I shoot a dangerous, sideways glance at Lazar and find him smirking at me.

I suddenly want to kill this man. Not sure why. Not sure I need a reason why. I just want to kill this man.

My father spins me around, points his finger in my face. “Do not drink it, Cort. Do you hear me? Do not.” His eyes shoot to Maart. “Give him a whiskey.”

“Why not?” Lazar is laughing. I really hate that laugh. “Pavo will be on the Lectra when he fights. It’s only fair for your boy here.”

“You will not.” My father is deadly fucking serious as he looks me in the eyes. “Do you understand me, Cort?”

I sneer at him and he smiles. Then he squeezes my shoulder again and leans in. “Don’t look at me that way. It’s my job to keep you in line tonight. It’s an important night for you as well as me. Tonight, we are a team and we don’t want anything to go wrong.”

Tonight, we are a team. Interesting way to put it.

“Yes,” Lazar says. Fuck. Why can’t that man just shut up? Every time I hear his voice, I get the urge to throttle him. “The stakes are high tonight.”

“Not now, Lazar,” my father cautions him.

“Why not now? Surely your son would like to know what he’s fighting for?”

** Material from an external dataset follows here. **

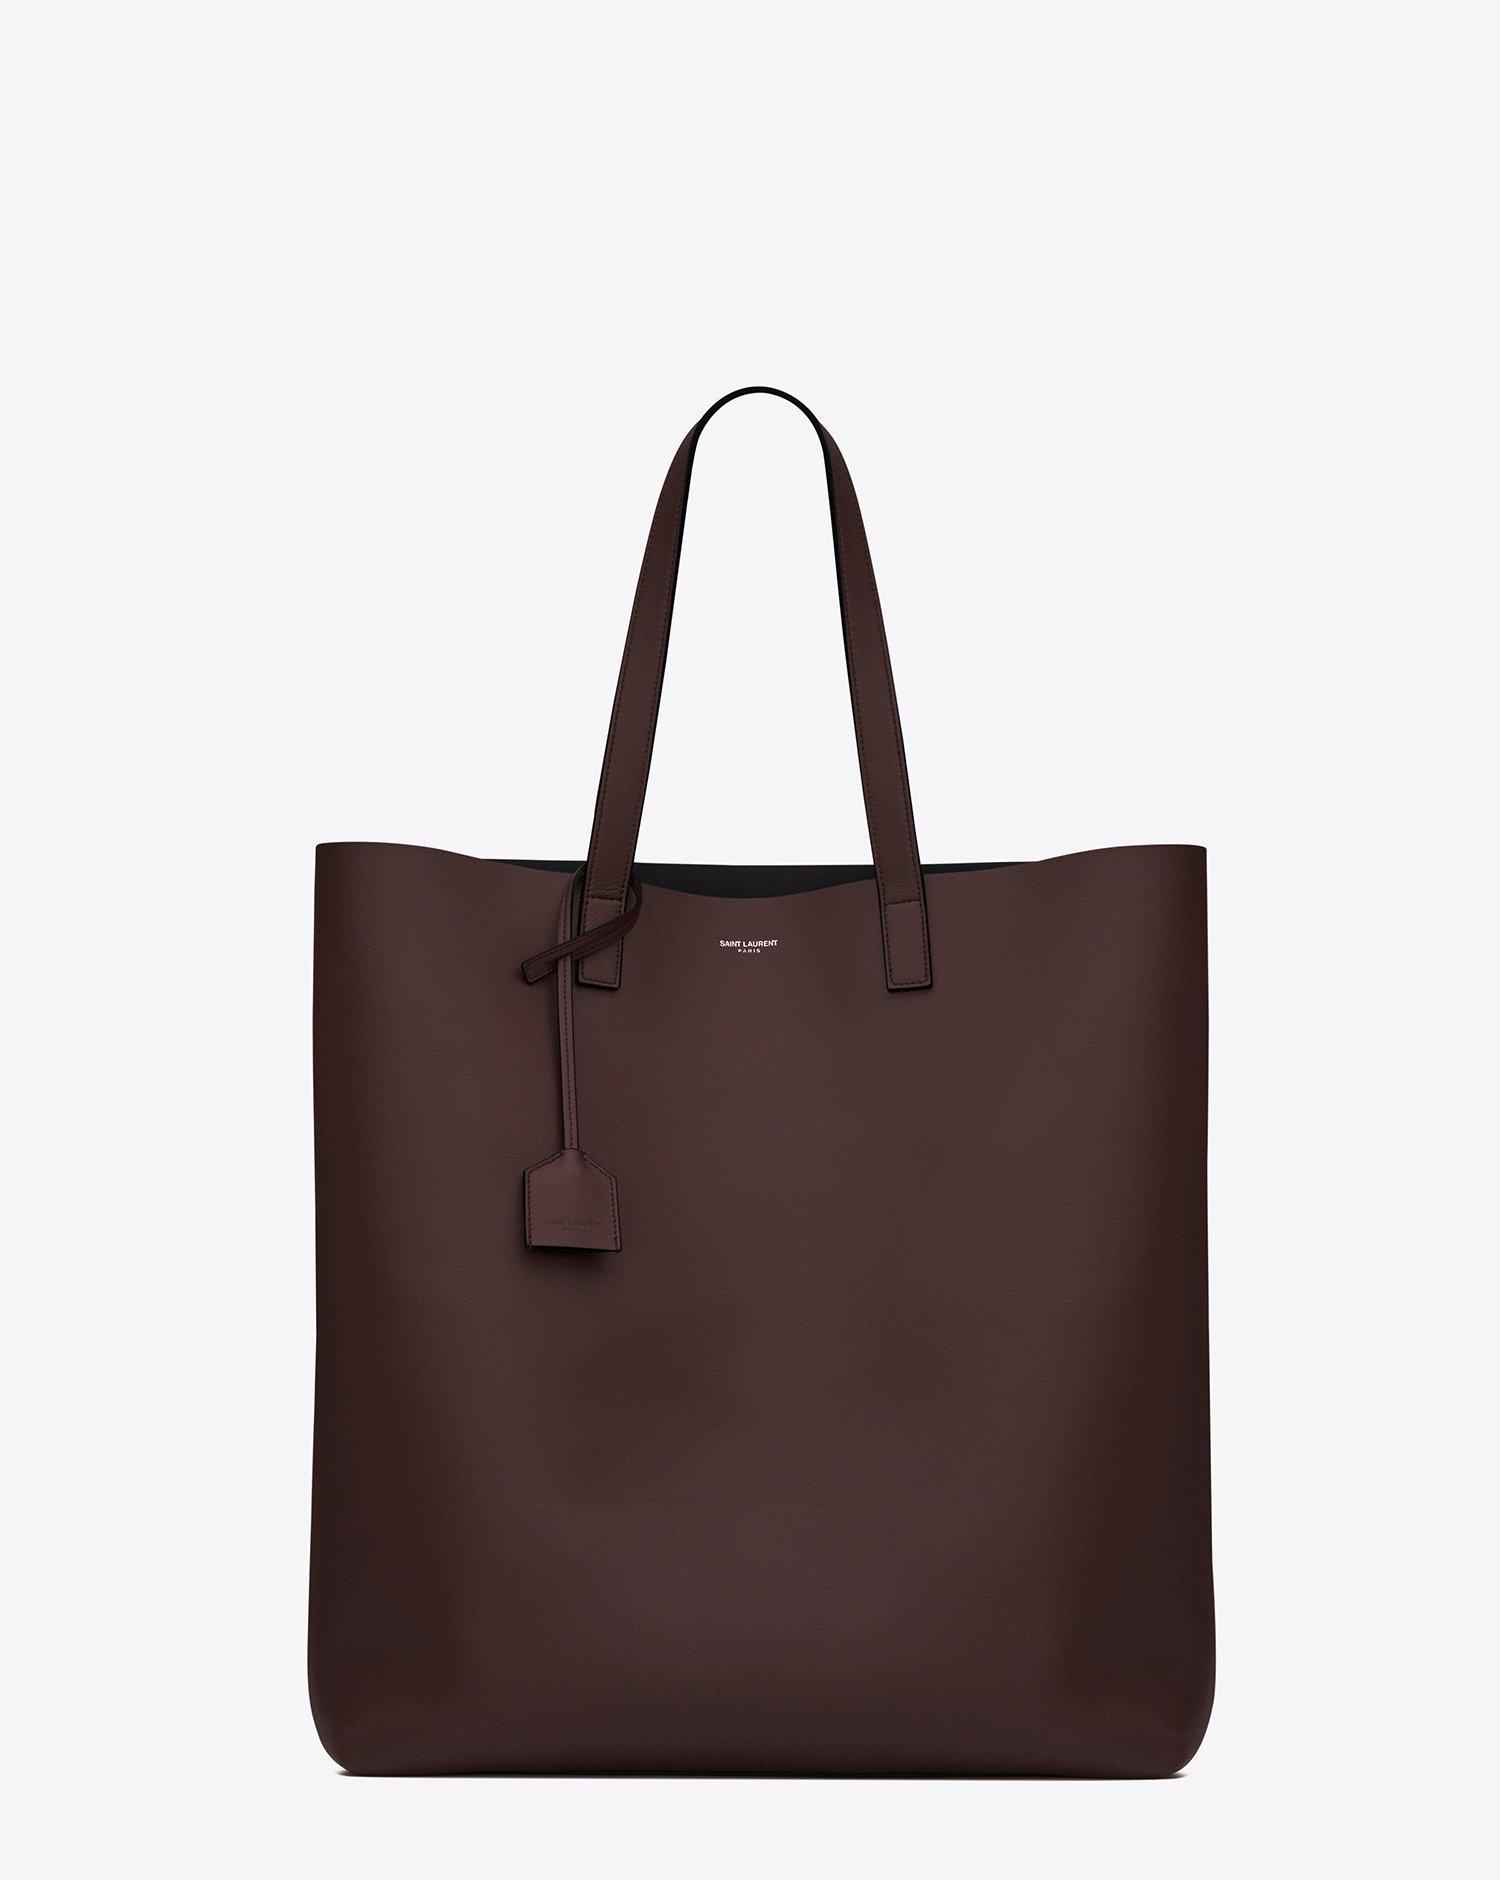 saint laurent shopping tote bag in bordeaux and black. Black Bedroom Furniture Sets. Home Design Ideas

I know what I’m fighting for. It was explained to me in the contract. Keeping our family’s controlling interest in this ship.

It doesn’t sound like much, but this is no ordinary ship. A heavy-lift construction vessel, it’s a floating city—and presently the only one of its size. When it’s in international waters—and it almost always is—it’s practically a nation state. Impervious to the laws of others. Not even the Americans can stop the business we do on this ship.

And my father owns most of it. Not all of it—the network would never allow one man to hold that much power. But most of it is practically the same thing.

It generates an obscene amount of legitimate money each year installing topsides onto oil rig substructures. Tens of billions of dollars. But the illegitimate money is just as precious.

These fights, for instance. This night is just one of dozens each year. But they host more than fights on this ship.

“We will talk about this later.”

I nod at my father. I don’t care about the prize. The winning lost its shine more than a decade ago now. I fight because they make me.

I turn and walk towards the door. The mercenaries open it and I slip through first, then Maart, then Rainer and Evard in the rear.

“We’re going this way,” Maart says, heading down.

But I go up.

“Guess we’re not.” Rainer laughs.

“Wait here,” Maart orders them. Then he races up the steps ahead of me. “Cort.” He pauses in front of the door. “You do not want that bottle. Do you understand me?”

I push him out of the way, but he’s not afraid of me and pushes me right back.

I will hit him. Any fucking time I want. But I’m not going to kill him and Maart is no pussy. He will retaliate and he and I are well enough matched that I will probably come out ahead, but just barely.